> **Work to be completed**
Repeat word for word the lines from the one containing "Back to the Future Concert Flyer" to the end of the material below, and leave all pictures out.
(Beginning of Given information)
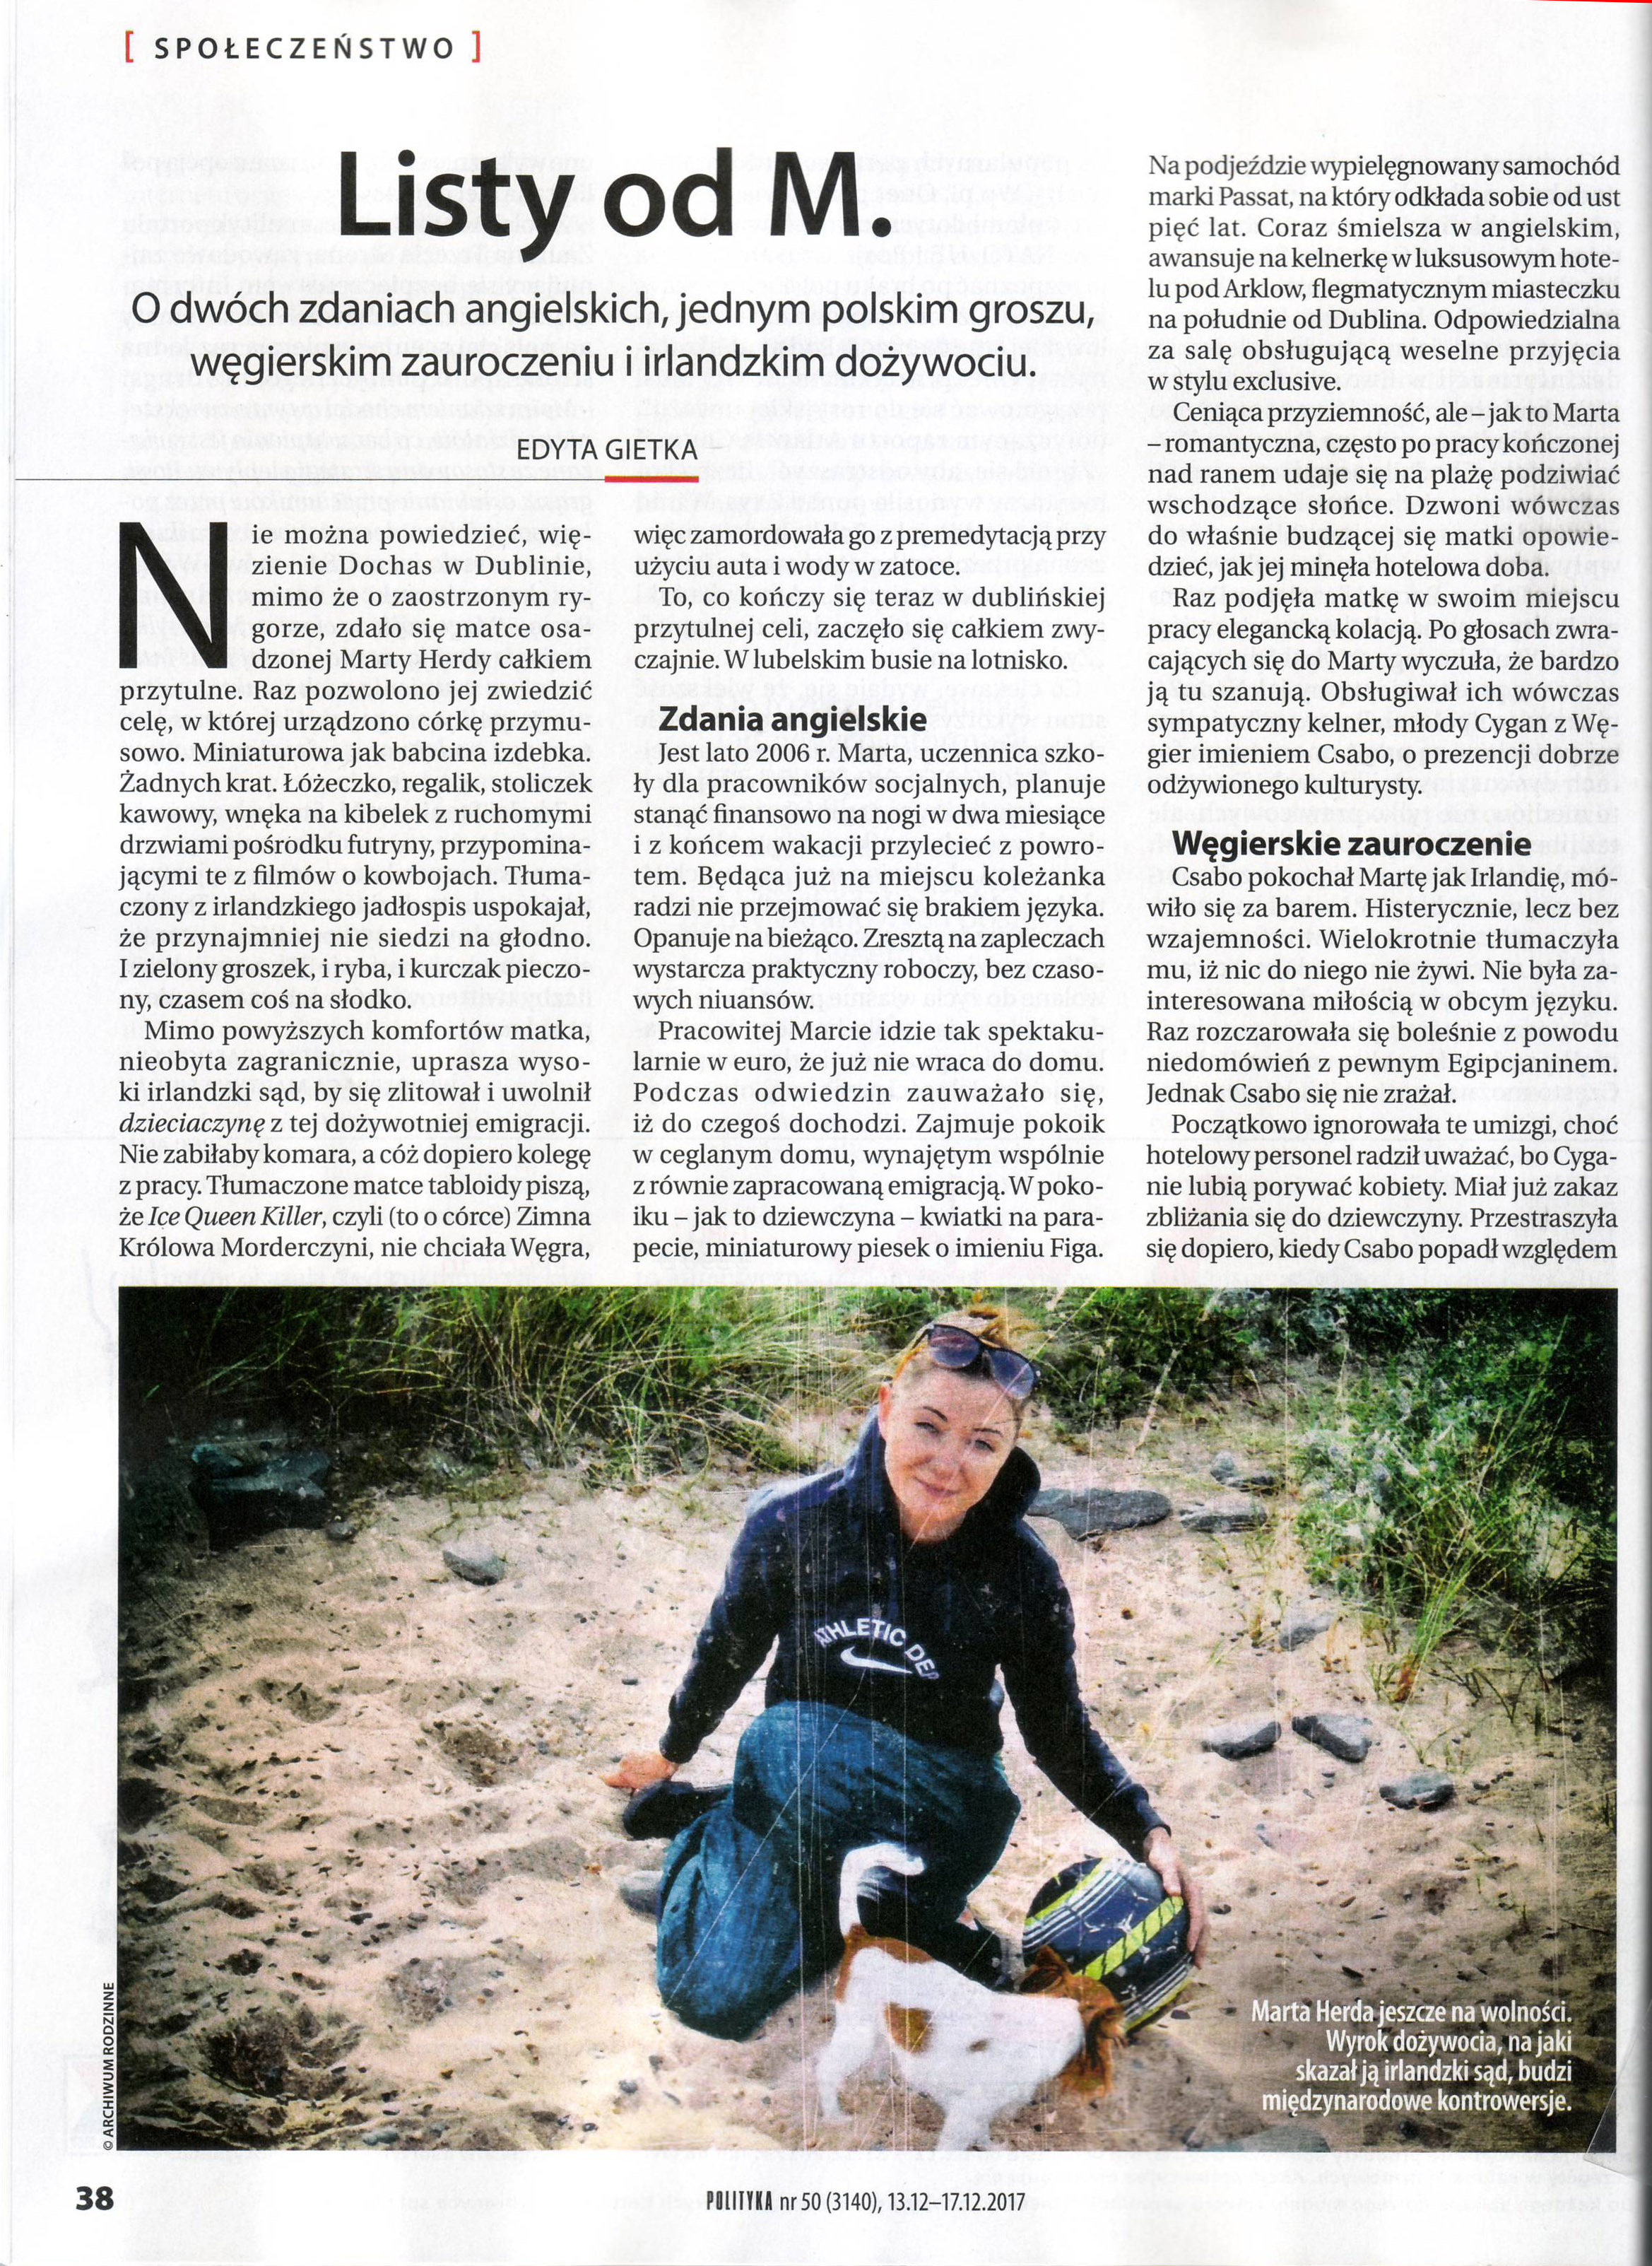 Article in "Polityka"
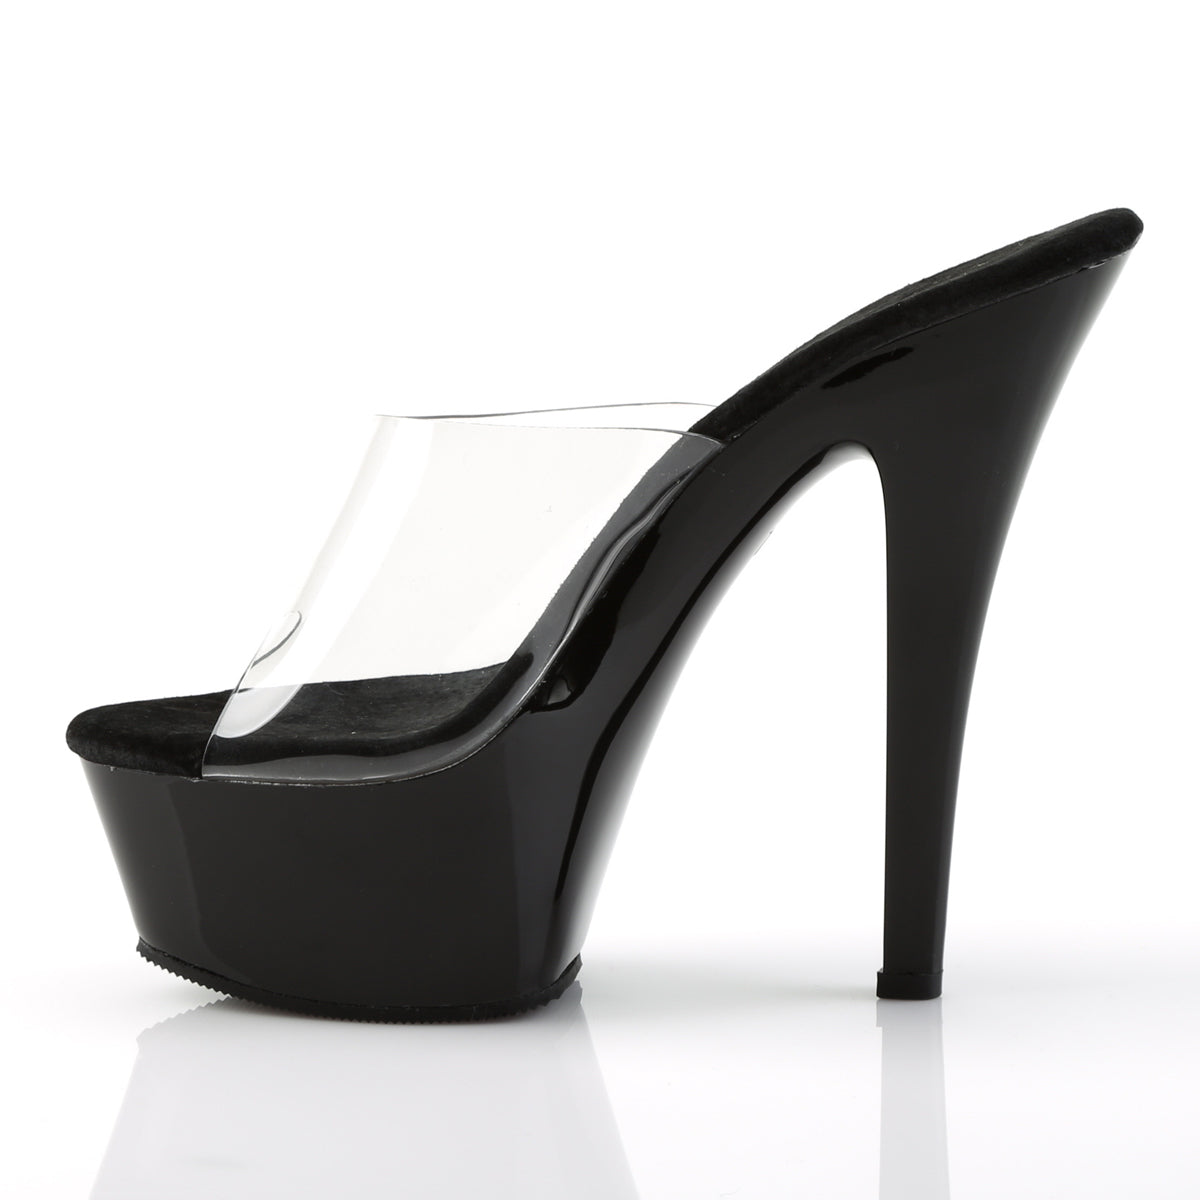 KISS-201 6" Heel Clear and Black Pole Dancing Platforms-Pleaser- Sexy Shoes Pole Dance Heels
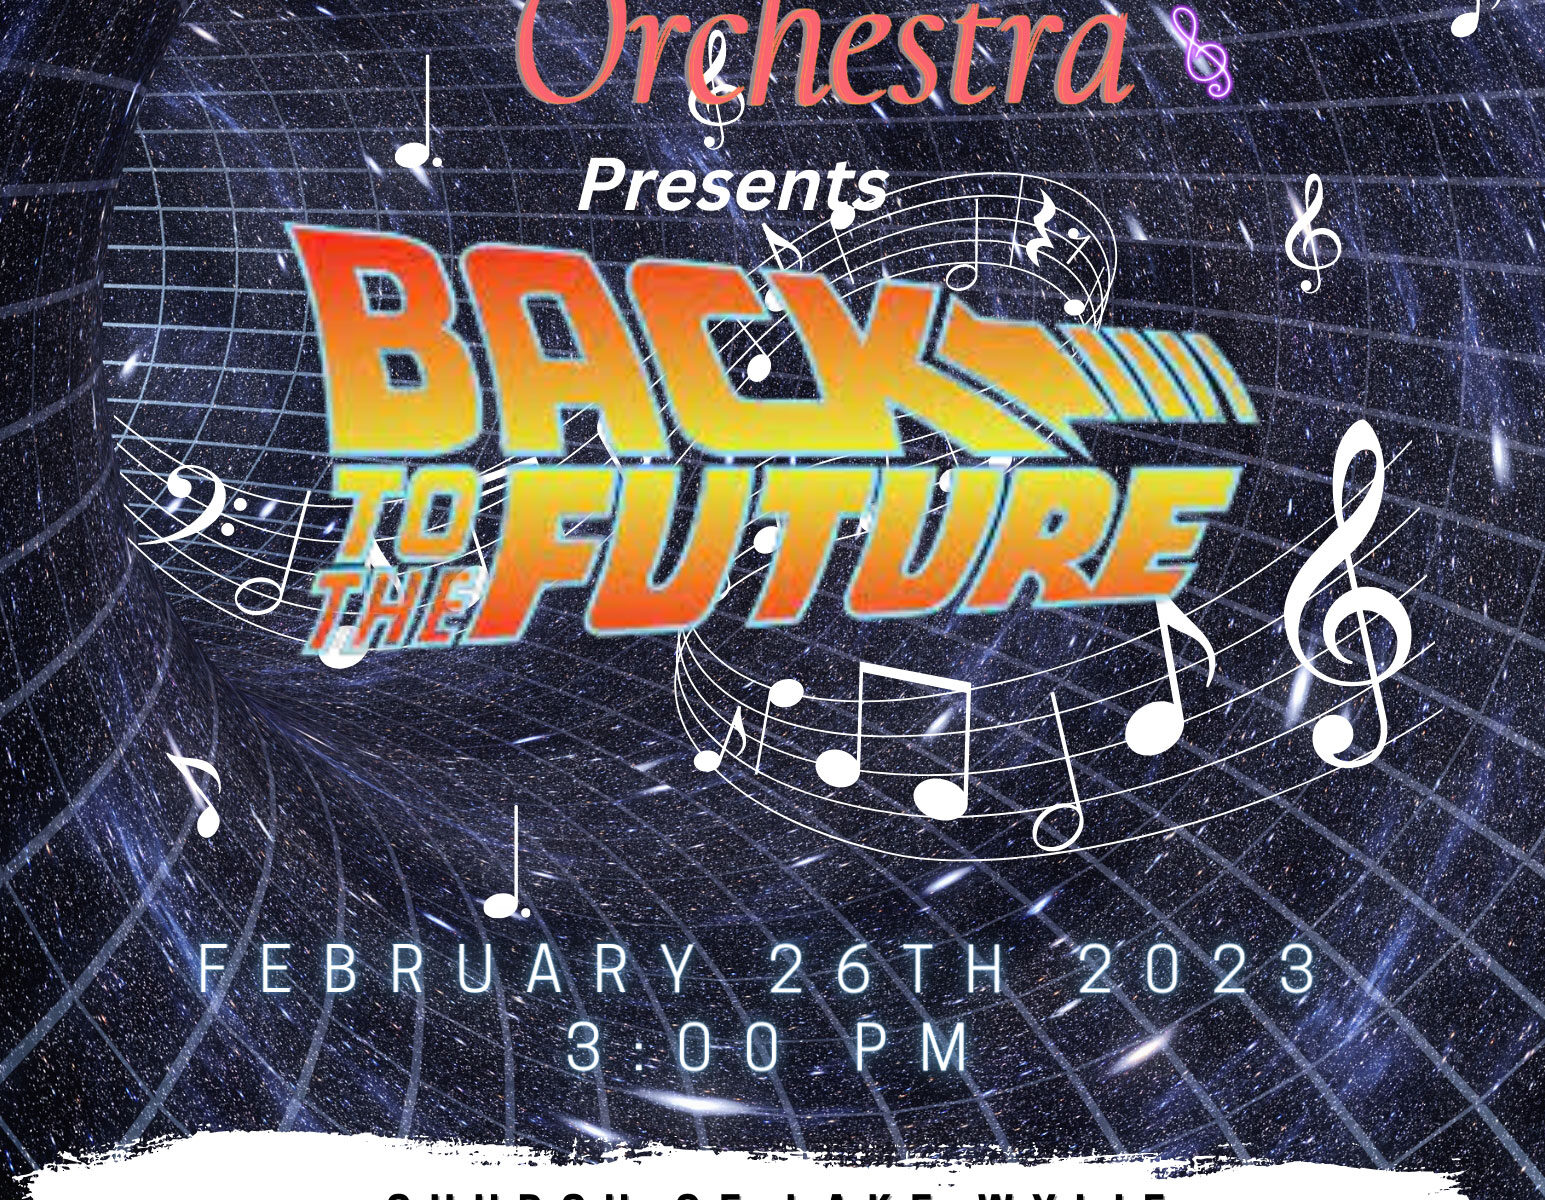 Back to the Future Concert Flyer
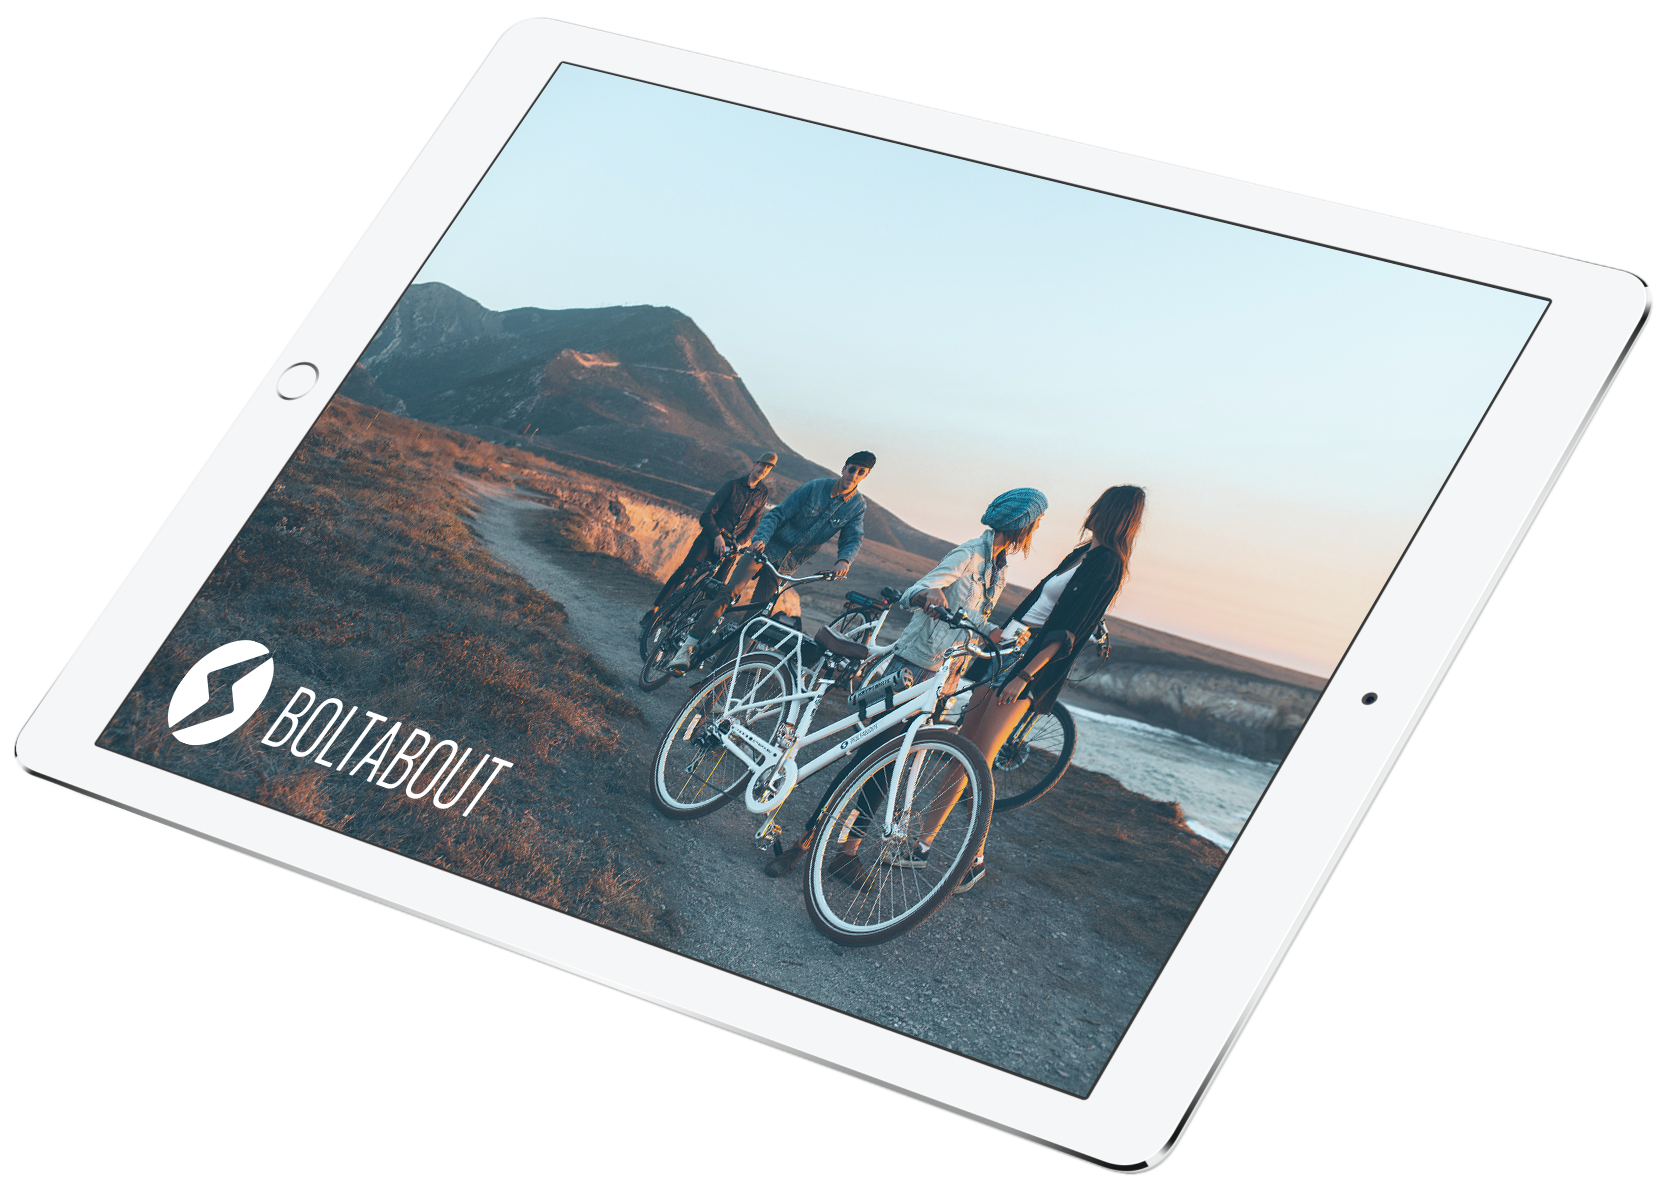 iPad displaying people on BoltAbout bikes, with the BoltAbout logo in the corner.
(End of Given information)
> **Solution below**
 Back to the Future Concert Flyer
 iPad displaying people on BoltAbout bikes, with the BoltAbout logo in the corner.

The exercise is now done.